A shared vision of health
There are a few key challenges these programs will face as they try to scale, said Dr. Prabhjot Singh, director of the Arnhold Institute for Global Health.
First, some aspects of the programs are harder to scale than others. For example, it is easier to scale mobile phone usage than the quality of supervision of community health workers. Second, different things break at different rates as they go to different scales. Third, the more a program scales, the harder it is to keep the focus on the frontline.
As organizations scale impact, they risk losing equity, because the most efficient way to reach more people more cheaply is to avoid the places and people that are hardest to help, Singh said.

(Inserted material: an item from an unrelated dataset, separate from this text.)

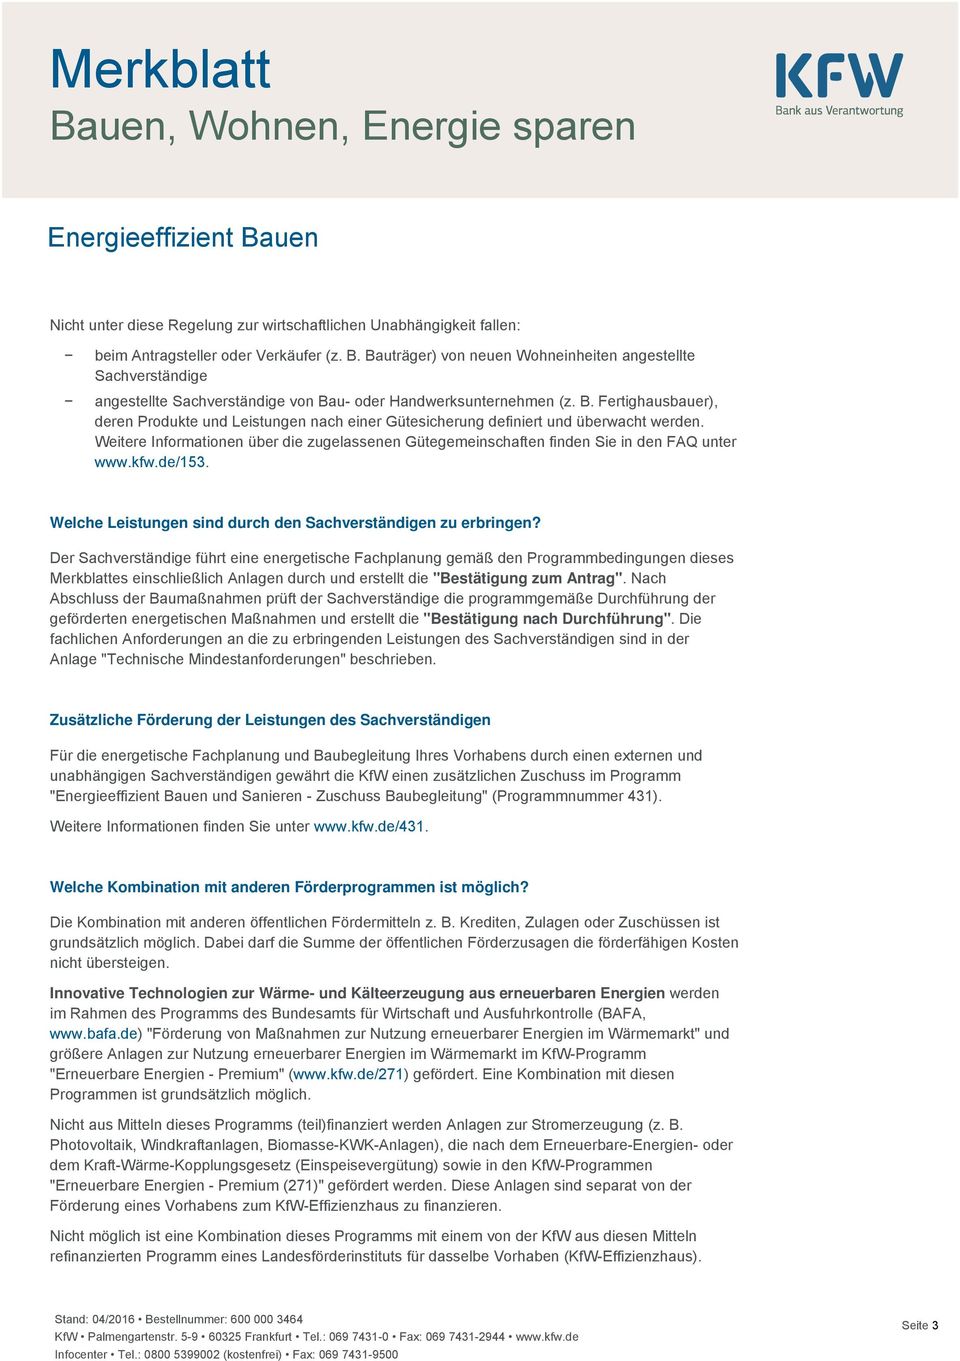 Weitere Informationen über die zugelassenen Gütegemeinschaften finden Sie in den FAQ unter www.kfw.de/153. Welche Leistungen sind durch den Sachverständigen zu erbringen?

Plus, while community health workers are valuable as extensions of facility based care, the care in those facilities can be inadequate or even negative, and there are still causes of morbidity and mortality that require highly skilled clinicians.
Kiribakka Tendo, who works with the ministry of health in Sierra Leone as part of the Aspen Management Partnership for Health, said community health program funders and practitioners need to involve the governments that will enable them to scale from the outset.
As the U.K. development finance institution ramps up investments in private health care, it wants to understand the impact it has on the broader health ecosystem in lower-income countries.
Noting the absence of governments from the beginning stages of CHIC, he pointed to the importance of “radical involvement” of governments in addition to “radical collaboration” among community health programs.
All too often, governments are considered a single entity, but community health programs seeking national scale need to know which government ministries to engage, said Nelly Wakaba, country engagement and support director at the Financing Alliance for Health.
While the ministry of health might seem like the natural partner for community health work, the ministry of finance is where the money sits, and they speak a different language than its counterpart working in health.
“This is hardcore math and economics and we have to make the case for it in terms of cost savings and return on investment,” she said.
James Nardella, principal at the Skoll Foundation, said he hopes CHIC can succeed in creating the exemplars for community health at national scale. More recently, the David Weekley Family Foundation has supported the effort, and Children’s Emergency Relief International will be the next donor to come on board, with the ultimate goal of six funders coming in at equal levels.
Ballard said the Mulago Foundation gave her the “gift of time” last week as CHIC members asked donors to stay outside the room so they could work through their priorities. Building this coalition has not come without its “false starts,” she said. But the key has been to keep focused on “a shared vision of health for all without caring who gets the credit.’’
Update, Feb 18, 2019: This story was updated to clarify details on Ballard’s work before joining the Community Health Impact Coalition.